[R-sig-ME] Question about what is "shrinkage"...

Fri Sep 20 16:37:47 CEST 2013

Hi Emmanuel and others,

I would think of shrinkage as a characteristic result of what a lot of estimation methods do, rather than as a method in itself. The Efron and Morris paper focused on showing that this characteristic can be good, and they discuss this in light of some popular methods used then (they wrote several influential and more technical papers on empirical Bayes during this period). A lot of mixed/multilevel folks discuss different methods, but the value of this characteristic is well illustrated in Bates' last email and the "borrowing strength" phrase. So, yes, the values in caterpillar plots and the like (conditional modes, though often called level 2 residuals) are estimates of the individual unit which borrow information from the other units, so are "shrunken". 

One way to show the effect of "shrinking" is show a plot with all the individual regression lines (just two variables) and then show the lines with with the slope and intercept estimated with shrinkage. An example is comparing Figures 3.7 and 3.8 of Kreft and de Leeuw's Introducing Multilevel Modeling. Here is some code to make an example.
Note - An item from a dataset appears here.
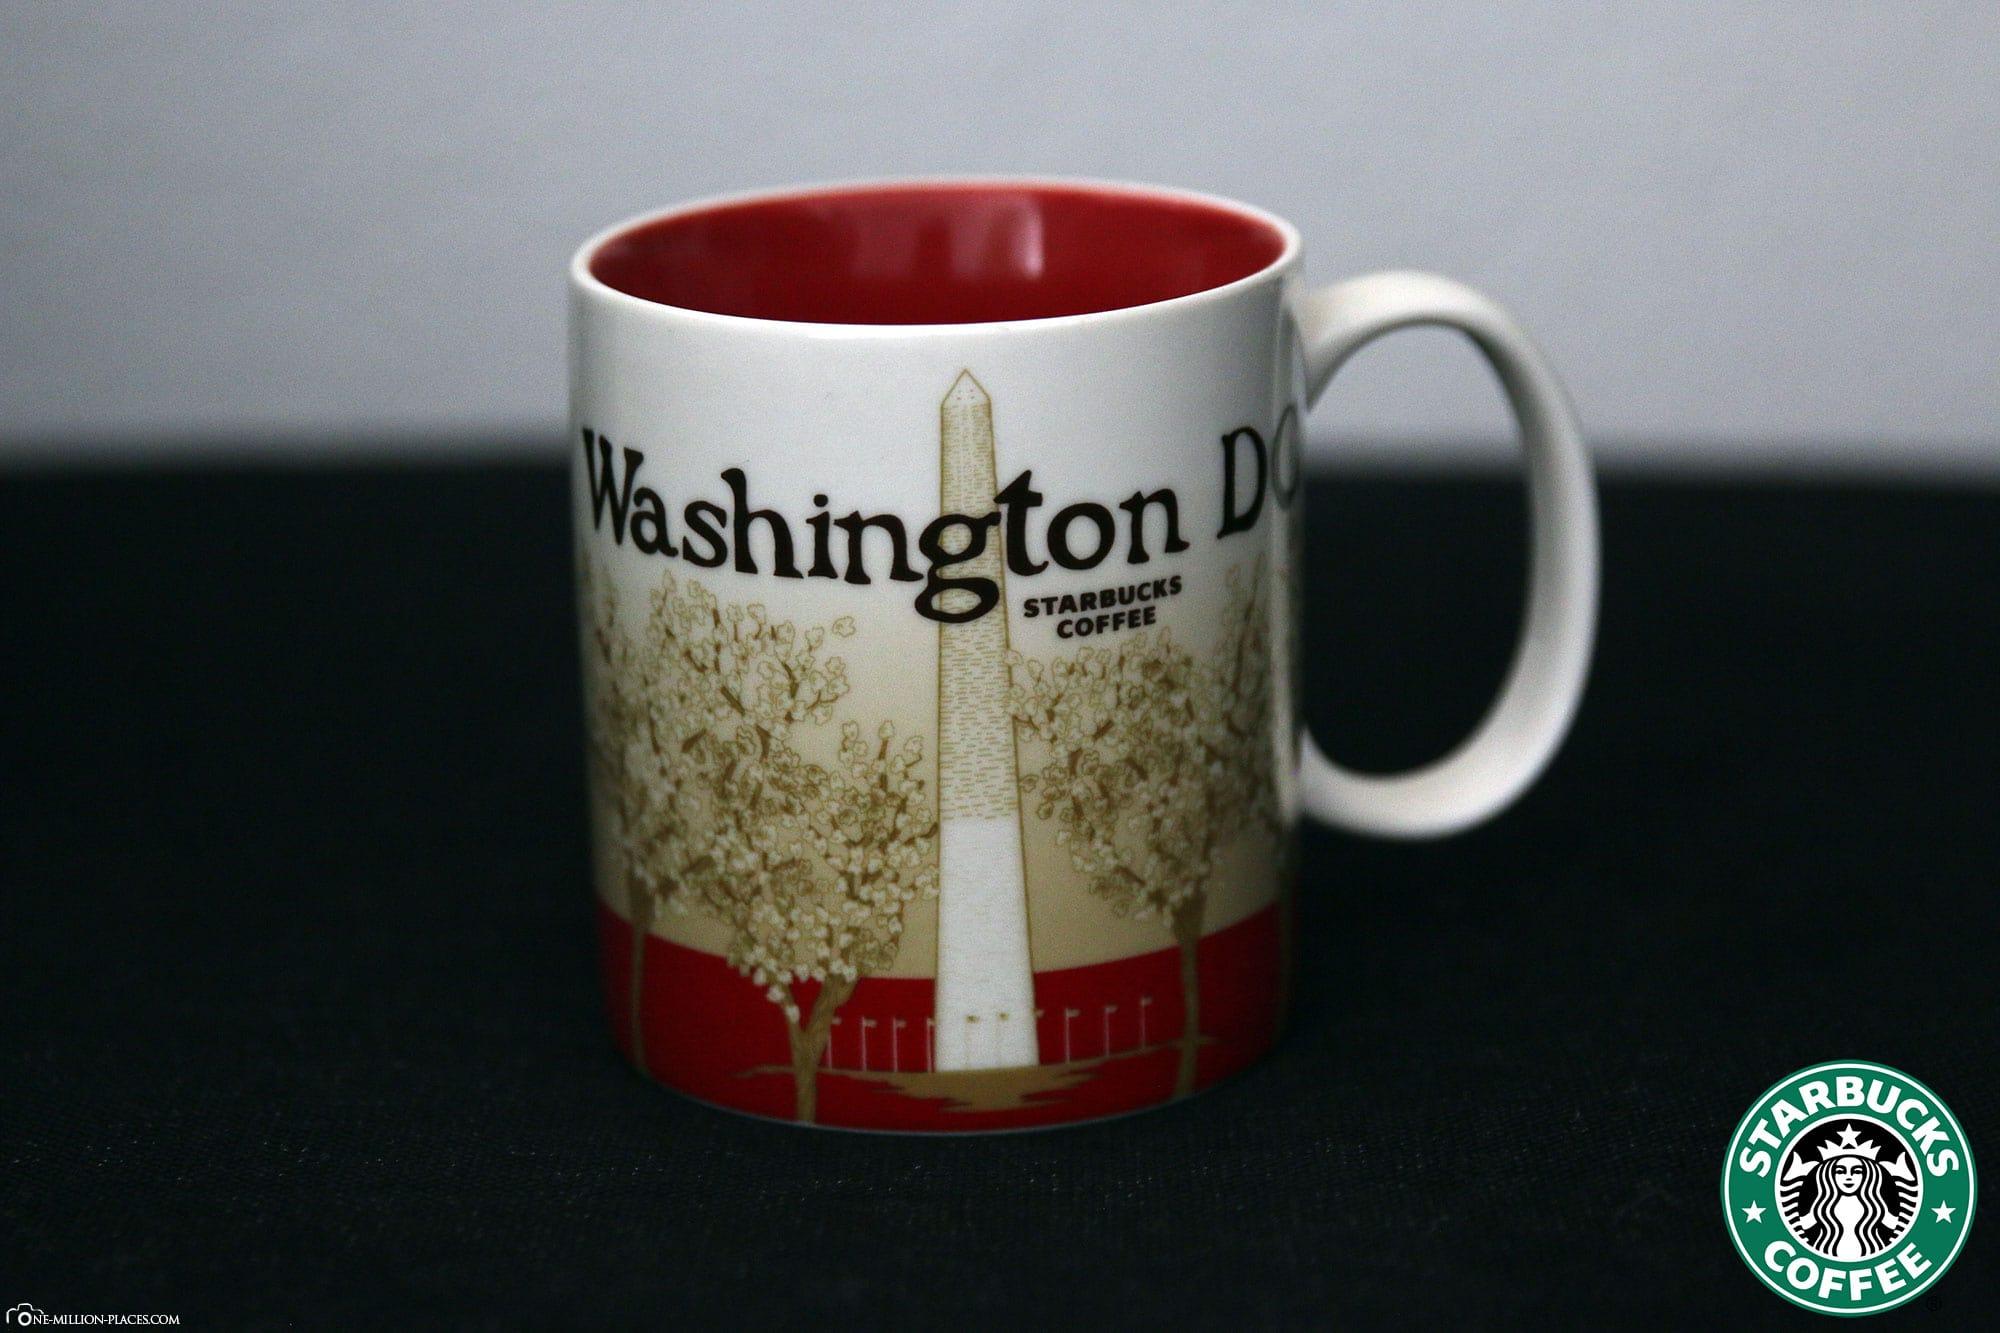 Washington DC, Starbucks Tasse, Global Icon Serie, City Mugs, Sammlung, USA, Reisebericht
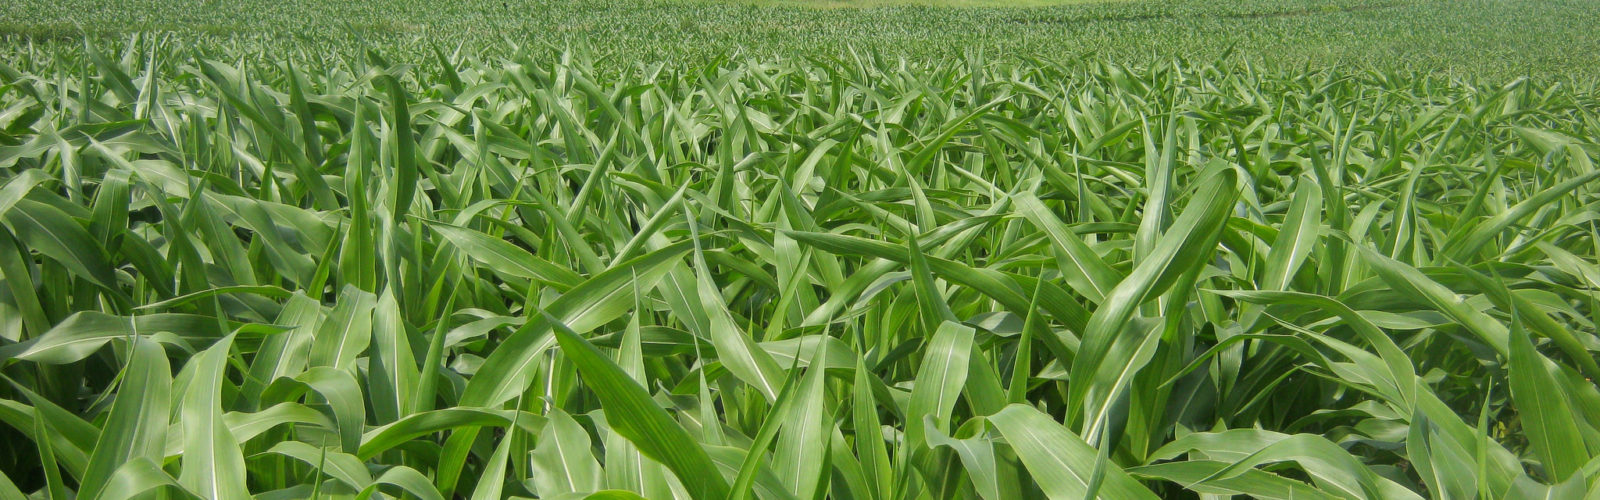 Photo of a green corn

The plot on the left shows the OLS estimates, and there are two level 2 units which are very different from the others. The shrunken estimates on the right borrow information from the other 8 and mean the slopes of these two, while still different from the others, are a little less different.

set.seed(818)
library(lme4)
lev2 <- rep(1:10,10)
x <- rnorm(100)
y <- rep(rnorm(10),10) + (rep(rnorm(10),10)+2)*x + rnorm(100)
par(mfrow=c(1,2))
plot(x,y,cex=.5)
for (i in 1:10)
  abline(lm(y[lev2==i]~x[lev2==i]))
plot(x,y,cex=.5)
m1 <- coef(lmer(y~x+(x|lev2)))$lev2
for (i in 1:10)
abline(m1[i,1],m1[i,2])

Dan

-----Original Message-----
From: Emmanuel Curis [mailto:emmanuel.curis at parisdescartes.fr] 
Sent: Thursday, September 19, 2013 10:41 AM
To: Daniel Wright; bates at stat.wisc.edu
Cc: r-sig-mixed-models at r-project.org
Subject: Re: [R-sig-ME] Question about what is "shrinkage"...

Hello,

Thanks Daniel for the link on the clear article (despite I indeed do not know anything about baseball) and Douglas for the detailed answer. Quite interestingly, the article is more on the side of the estimator and Douglas' answer on the side of the reduced variance, at least as I understand it, but I think I begin to understand the link between the two.

But there are still a few questions I have, some of them philosophical...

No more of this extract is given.